I was feeling thirsty, and it was raining heavily outside, when I was going to the kitchen, I noticed Steve wasn't on the couch, I got worried for a moment but I thought maybe he will be in the bathroom when I got free from the kitchen, I went again to the lounge but he wasn't in here yet, when I saw that the door to the balcony was opened and making noise due to rain, I went to close it and thought that I should call Steve to check where he is when I saw him, sitting on the corner stair, had a beer in his hand and he was crying.

He was crying.....

I wanted to hug him, make him comfortable with me, make him warm the way I used to do before, tears escaped my eyes too, he wasn't this broken before, and he can't cry or be vulnerable in front of anyone because yeah we are or he is a superhero, but he is a human as well, I can't imagine how hard things are on him and how he is bearing this all. He was already sick but seeing him like this drinking beer and crying just broke me and I couldn't stop myself.

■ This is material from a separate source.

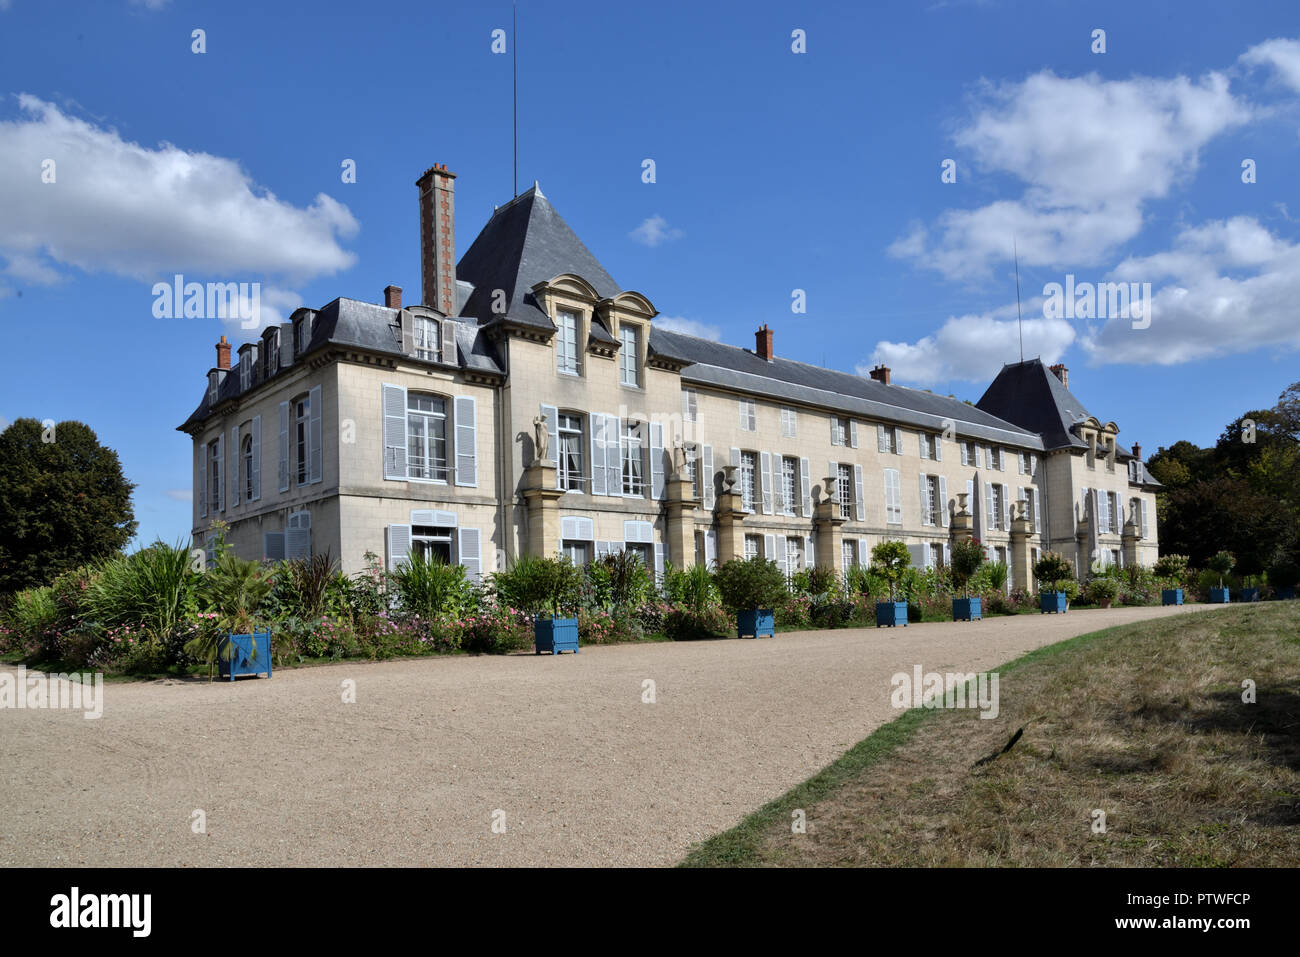 Château de la Malmaison Stock Photo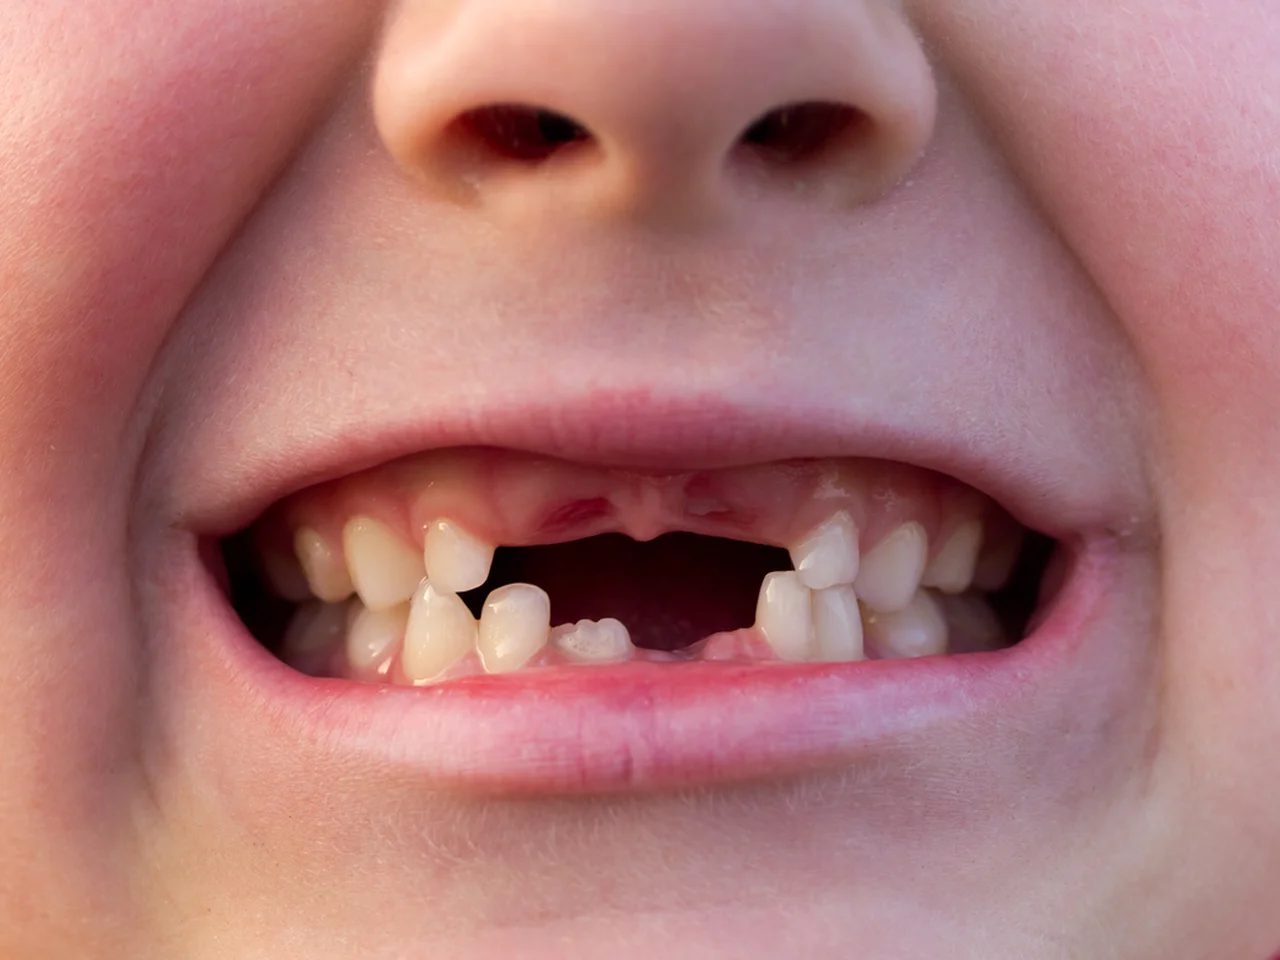 Czy warto przechowywać mleczne zęby?  To może uratować życie!

Steve, I asked. My voice broke.
He looked at me, wiping tears from his eyes and cleaning his face with his hands.
Hmm, he said. Why are you here, can't sleep again?
Why are you here? isn't you had a temperature a few hours ago, you should be sleeping and you are drinking waohh!
I couldn't sleep, Nat!
The way he said Nat, I just went close to him, sat beside him, held his hand, what is bothering you, Steve? You can share, I'm here, I suggested.
Nothing is right and I have so much in my mind, things are now uncomfortable...
Things will get better, don't be hard on yourself Steve, I can't see you like this...
Do you still love me? He asked.
I got shocked for a while, what? I said.
You don't right? I'm not worthy of love anymore, I'm not worthy of anything, I'm not worthy to call myself a good friend, a good fellow, or a good...
He stopped, he let his hand out from mine, Natasha, just go to bed, try to sleep, I'm gonna do the same.